1956年に米国の作家ソール・ベロー(Saul Bellow、1976年にノーベル文学賞受賞)が発表した小説で、主人公の危機的な一日を追いながら、人間存在の意味を問うた作品(原題は"Seize the Day")。
踏んだり蹴ったりの主人公ですが、やっぱり中年で自活出来ないというのは、経済生活面だけでなく、精神面でキツイなあと思いつつも、あまり主人公に同情心が沸かないのは何故だろう。
社会(俗世間)からの疎外を感じる主人公が、最後には、「この日をつかめ」という言葉をキーワードに、過去に捉われることなく、また、未来に不安を抱くことなく、"今を生きる"ことの大切さを悟るのですが、ついつい、明日は大丈夫なの?と思ってしまうのは、自分が俗っぽいからでしょうか。
主人公のラード等への投資を仲介する"タムキン博士"という人物が大変印象に残り、「この日をつかめ」も彼の言葉なのですが、彼は実は詐欺師であり(読者にはかなり早い段階でそれがわかると思うが、主人公は疑念を抱きながらも彼に振り回される)、いかにも資本主義社会に徘徊していそうなクセモノ。
彼の言う「この日をつかめ」は"投機"上の意味合いなのですが、主人公は詐欺師の言葉から哲学を引き出し(確かにこの詐欺師は哲学者っぽい弁を垂れる)、一方で、詐欺師になけなしの金を持っていかれたということか。
主人公の父親の"アドラー博士"というのも、息子を世の中の敗北者と決めつけ、全く構ってやらないという、ちょっと日本にはいないタイプの父親で、志賀直哉の父親との間での葛藤などとも違って、こちらは「和解」の余地すら無い。

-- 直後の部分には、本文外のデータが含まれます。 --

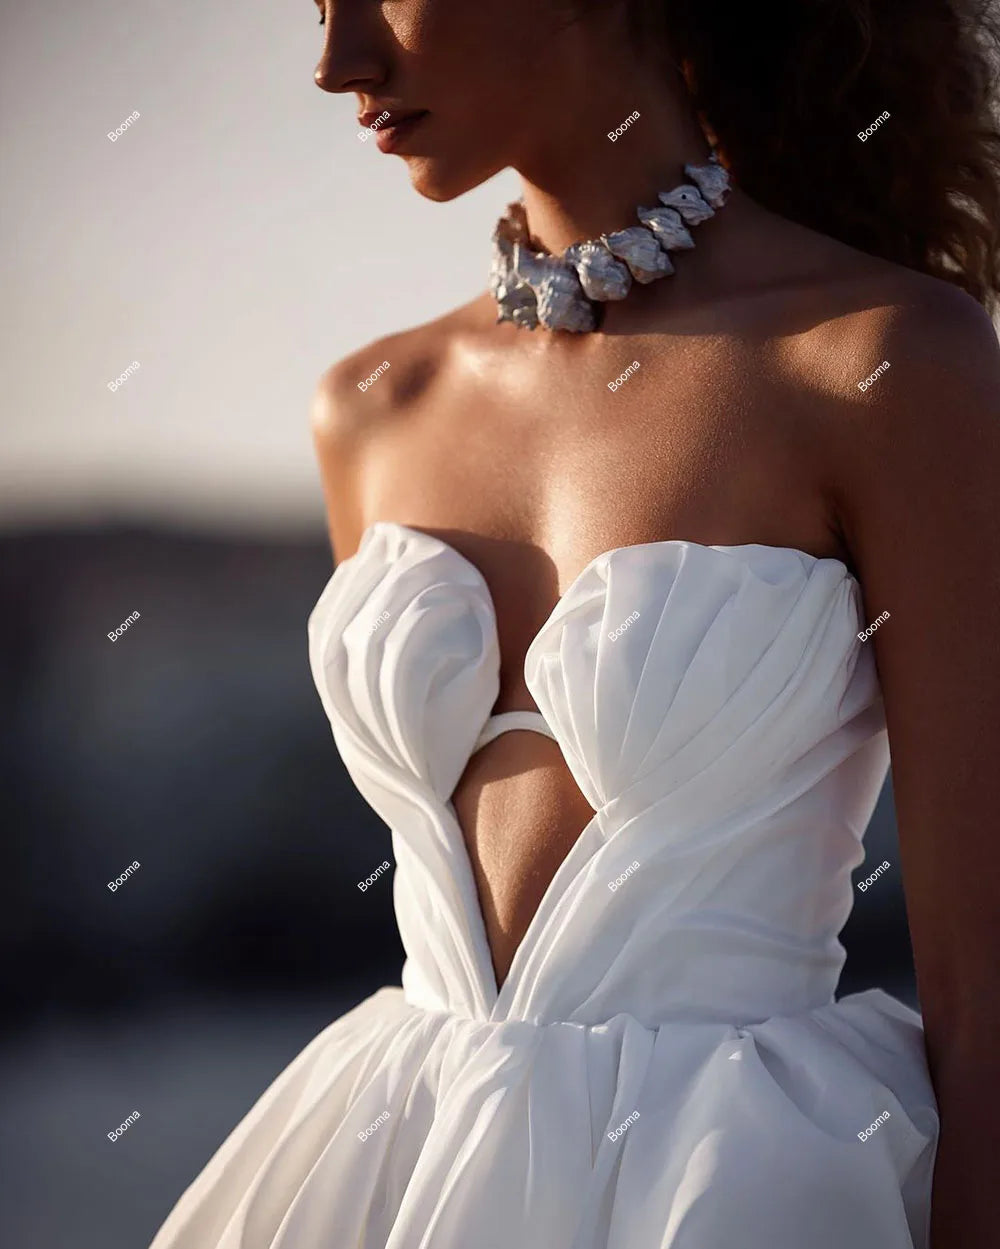 Gaun pengantin pendek elegan sederhana gaun bola tanpa gaun putri duyung pengantin wanita gaun malam untuk wanita pesta koktail gaun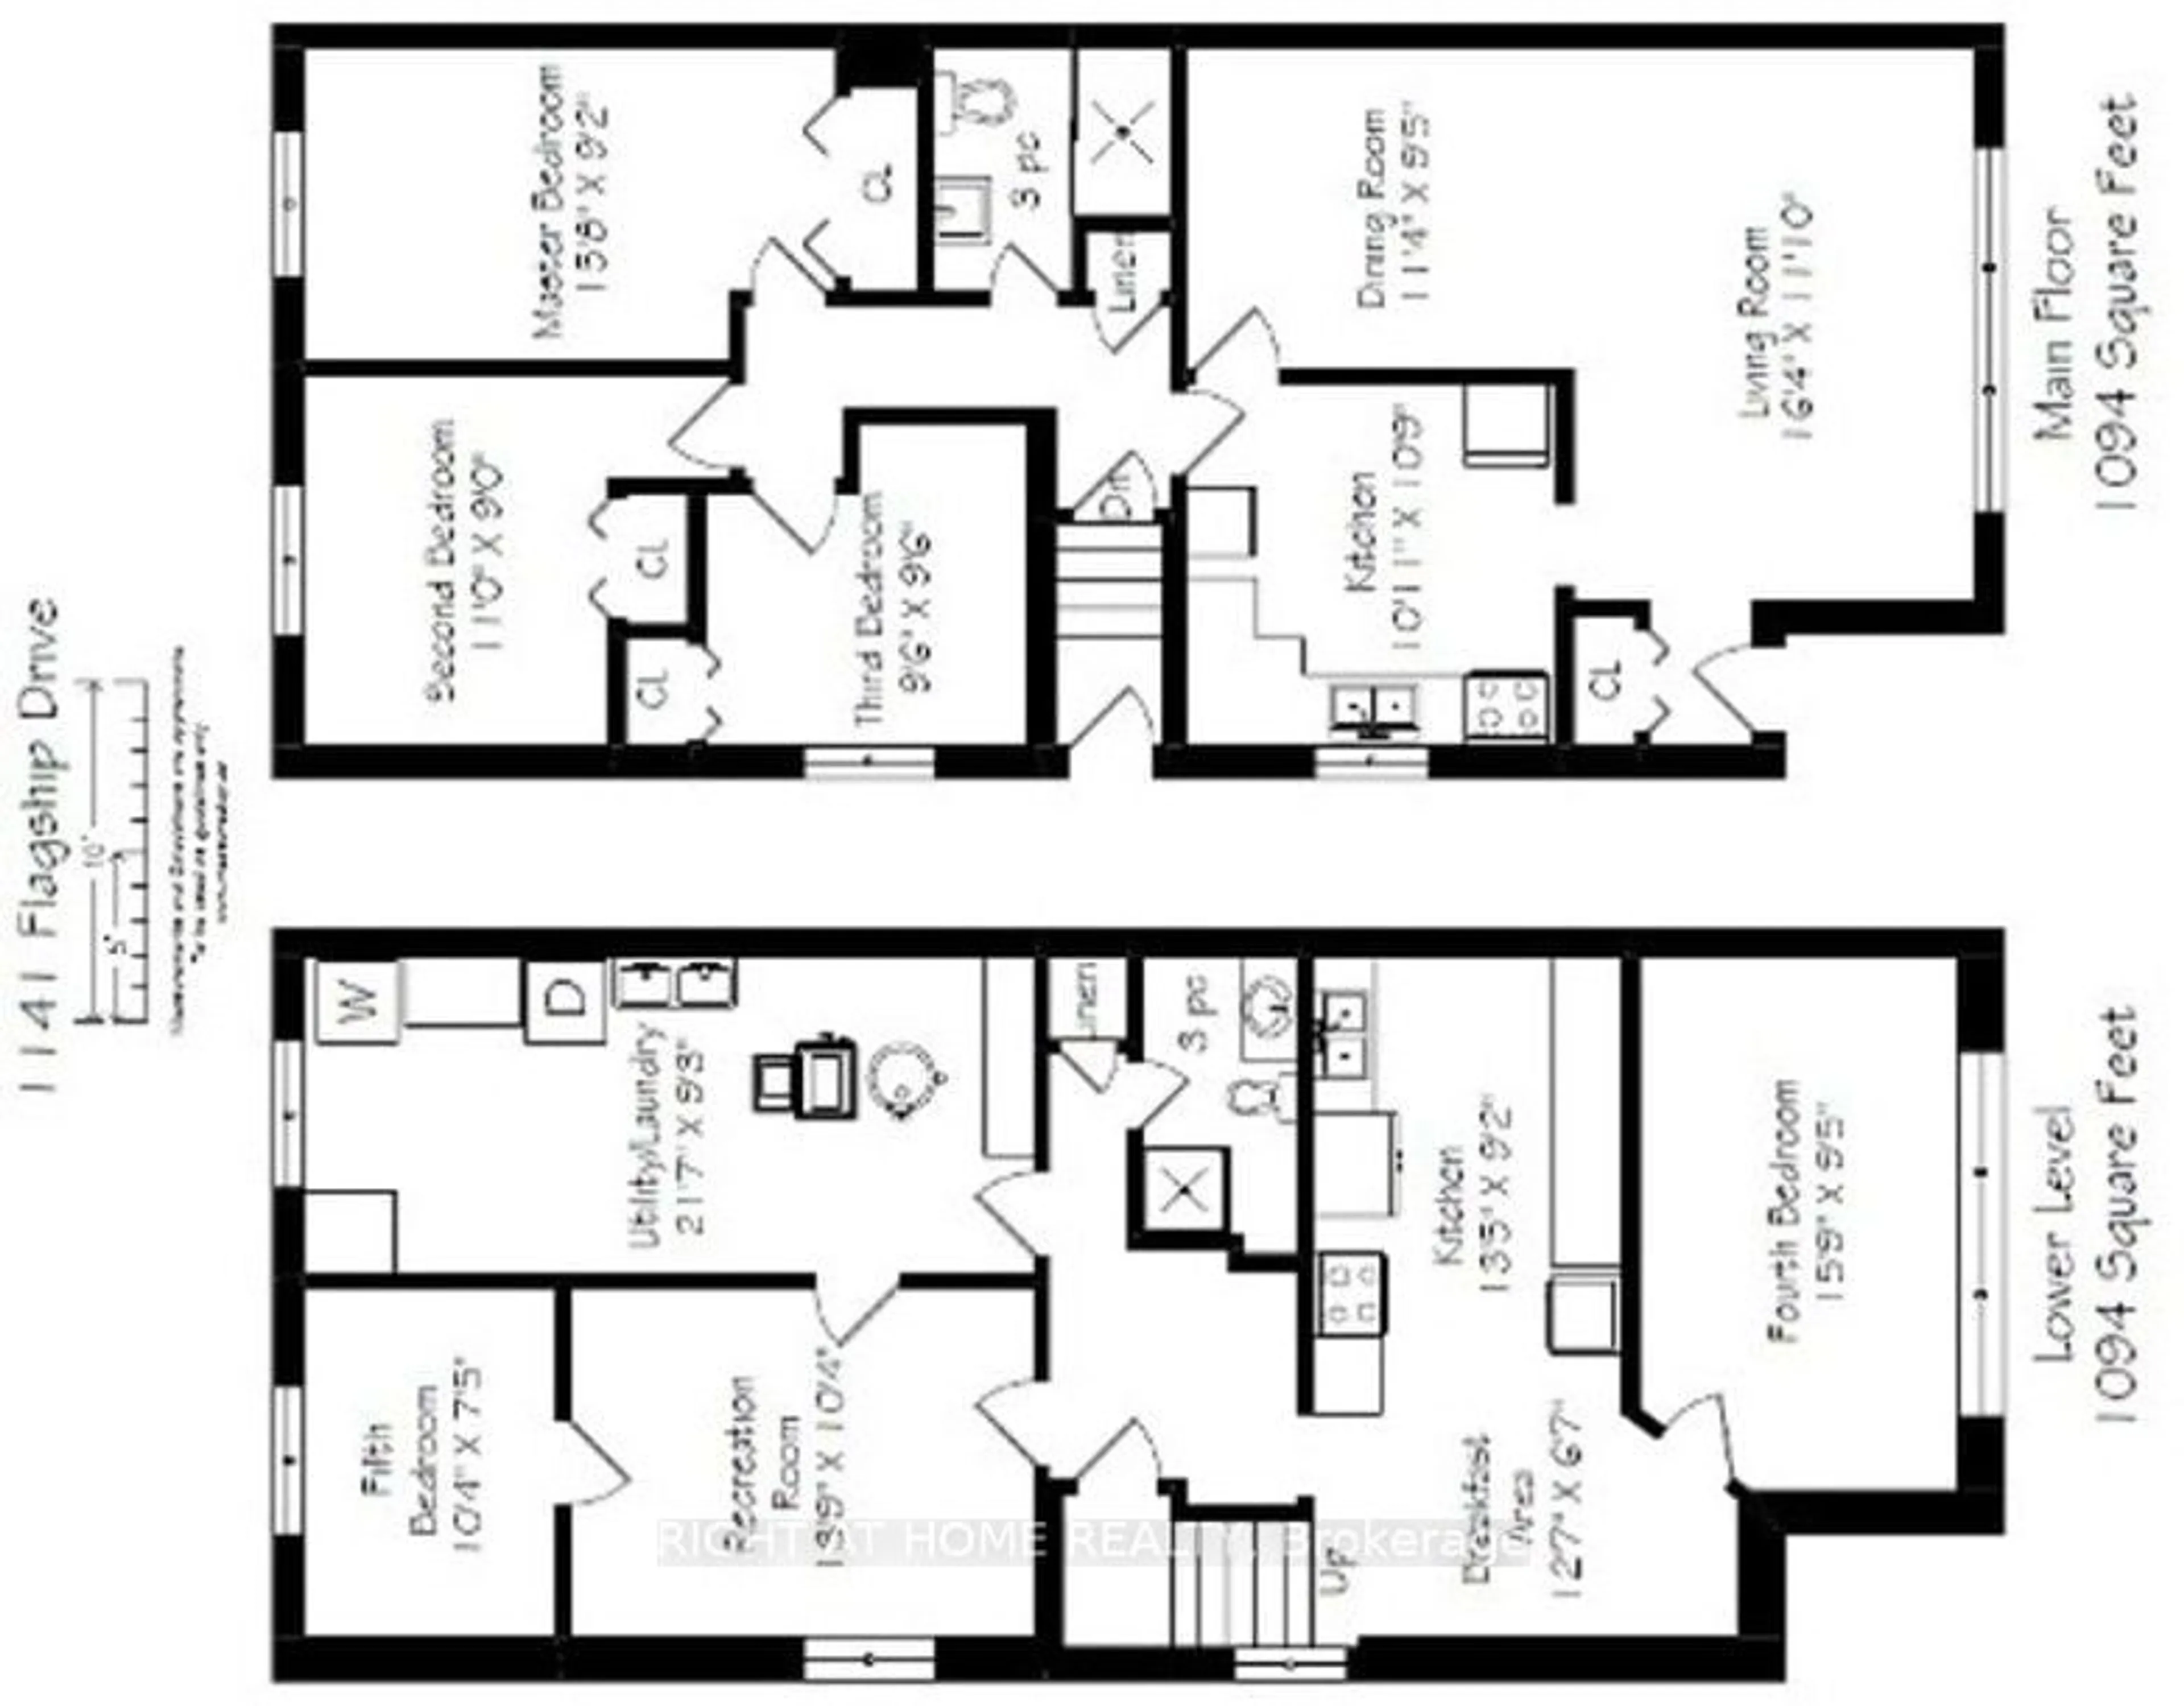 Floor plan for 1141 Flagship Dr, Mississauga Ontario L4Y 2K3

この父親も俗世間の代表格であるけども、アーサー・ミラーの『セールスマンの死』に出てくる、アメリカンドリームを子供に託す期待過剰の父親とも全然違い、その個人主義は凄まじく、息子さえも他人レベルと変わらない「一個人」に過ぎないという感じでしょうか(ユダヤ系ということも関係しているのか?)。
小説として今一つ感動は出来なかったですが、"タムキン博士"と"アドラー博士"は印象に残りました(主人公よりも)。